[llvm-dev] [RFC] Expose user provided vector function for auto-vectorization.

Tue May 28 13:55:46 PDT 2019

On Tue, May 28, 2019 at 2:45 PM Francesco Petrogalli via llvm-dev
<llvm-dev at lists.llvm.org> wrote:
>
> Dear all,
>
> This RFC is a proposal to provide auto-vectorization functionality for user provided vector functions.
>
> The proposal is a modification of an RFC that I have sent out a couple of months ago, with the title `[RFC] Re-implementing -fveclib with OpenMP` (see http://lists.llvm.org/pipermail/llvm-dev/2018-December/128426.html). The previous RFC is to be considered abandoned.
>
> The original RFC was proposing to re-implement the `-fveclib` command line option.
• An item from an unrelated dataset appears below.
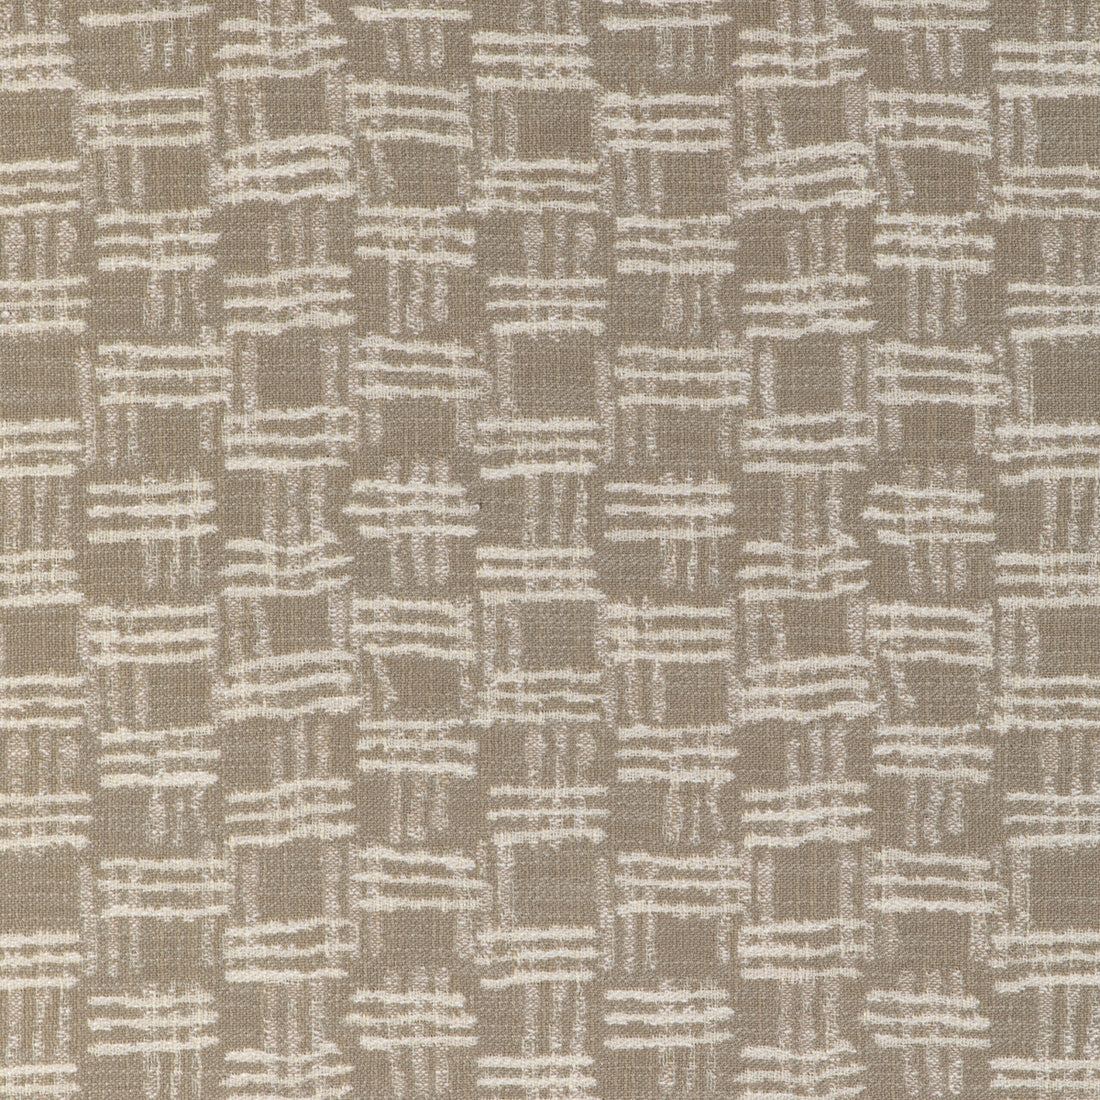 Cross Waves fabric in sand color - pattern 36928.16.0 - by Kravet Couture in the Riviera collection

This proposal avoids that, and limits its scope to the mechanics of providing vector function in user code that the compiler can pick up for auto-vectorization. This narrower scope limits the impact of changes that are needed in both clang and LLVM.
>
> Please let me know what you think.
>
> Kind regards,
>
> Francesco
>
>
> =================================================================================
>
> Introduction
> ============
>
> This RFC encompasses the proposal of informing the vectorizer about the
> availability of vector functions provided by the user. The mechanism is
> based on the use of the directive `declare variant` introduced in OpenMP
> 5.0 [^1].
>
> The mechanism proposed has the following properties:
>
> 1.  Decouples the compiler front-end that knows about the availability
>     of vectorized routines, from the back-end that knows how to make use
>     of them.
> 2.  Enable support for a developer's own vector libraries without
>     requiring changes to the compiler.
> 3.  Enables other frontends (e.g. f18) to add scalar-to-vector function
>     mappings as relevant for their own runtime libraries, etc.
There is no way to notify the backend how conformant the SIMD versions
are. While the initial spec said that floating point status registers
would be not supported, this is not difficult to do and the
implementations that I wrote support this[1]. Then if a status
register is set after a calculation, the calculation can be run with
the scalar versions to determine exactly which operation(s) causes it.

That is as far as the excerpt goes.